Duke left a great question as a comment to “ A Morning Market.” He asked:
What’s the key differences between the [morning] market meeting and a gemba walk? Maybe I should ask what is the purpose of a gemba walk?
Good question.
I’ll start with one of my (other) favorite quotes from an old friend, Dave:
“It isn’t about shaking hands and kissing babies.”
That is to say, a lot of leaders think that heading out to the work area to “show the flag,” and do a meet-and-greet with the team members is “walking the gemba.” While they may be at the gemba, and they may actually be walking around, this isn’t it.
Walking the gemba is part of “Check” in Plan-Do-Check-Act. It is the process of carefully observing to see where things are not as they should be. Sometimes there is less walking involved, and more just standing and watching.
This, of course, begs the question: Watching for what? This, ultimately, is what makes it different than even just walking around looking.
Try this exercise. Go to some place where any activity is taking place. It really doesn’t matter what. If you aren’t in a factory, just go watch someone doing data entry or computer work. Watch the receptionist process walk-in customers and phone calls.
Note: Whatever you choose, please talk to people and tell them what you are doing, otherwise this is going to seem creepy to them if they aren’t used to it.

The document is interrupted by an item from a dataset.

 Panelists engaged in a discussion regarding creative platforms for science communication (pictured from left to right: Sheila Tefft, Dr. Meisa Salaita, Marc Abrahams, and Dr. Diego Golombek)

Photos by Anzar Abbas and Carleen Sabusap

Get a feel for what is happening. More importantly, try to envision what is supposed to be happening. If this process were going perfectly, how would it look? Try hard to visualize in your mind a smooth, totally value-adding work flow.
Now, as you watch, become totally conscious of what is really happening. Why is this process other than how you visualized it? What disrupts the work? Where could mistakes be made? What keeps those mistakes from being made? Is it just vigilance? Or is there some mechanism to either prevent the mistake or either cue the person on the correct way, or alert them on the incorrect?
Is there any backtracking, rework, looping around? Are things where they are actually needed? Do people have to look around for things?
How do they know what they should be doing? What is their source of information? Do they have to hunt it down, or worse, guess at what should be done? Or is the “right thing” and the “right way” chrystal clear to even the casual observer (that would be you).
Is there a pace to the work? Even if it isn’t traditional takt-time work (especially if it isn’t), there is some kind of deadline. How does the person know whether things are on time or not? When do they learn they are behind?
If the person encounters some kind of problem, something unexpected, something needed but not there, what happens? Is there a support system to get this person back on-process? Or is he or she left to their own devices to just figure it out?
As you watch, keep your standard very high. If something is not obviously as it should be, then question whether it is. “Control” has the burden of proof here, not chaos.
When you see these things, focus in on one of them. Ask yourself “Why?” does this condition exist? Where does the problem originate? Go there. Study some more. How is it that this process fails to support its customer? Do they have a clear understanding of what is expected? (Probably not, most don’t, especially administrative processes.) How do they know they delivered (or didn’t) what their customer required? Did they think their output was defect free (according to their standards), but was really causing problems for their customer?
Often it helps to look at one person doing a single task, find a single issue, and follow the trap line upstream until you arrive at the origin of the problem. Often, again, you will have a fixable root cause right in front of you.
Now the fun begins. As a leader, it is not your job to fix the problem. That is not what you are looking for.
When you walk the gemba, you are assessing how well your organization is tuned to seeing these issues, clearing them, finding their causes, and solving them. If you see these opportunities, then your job now is to teach.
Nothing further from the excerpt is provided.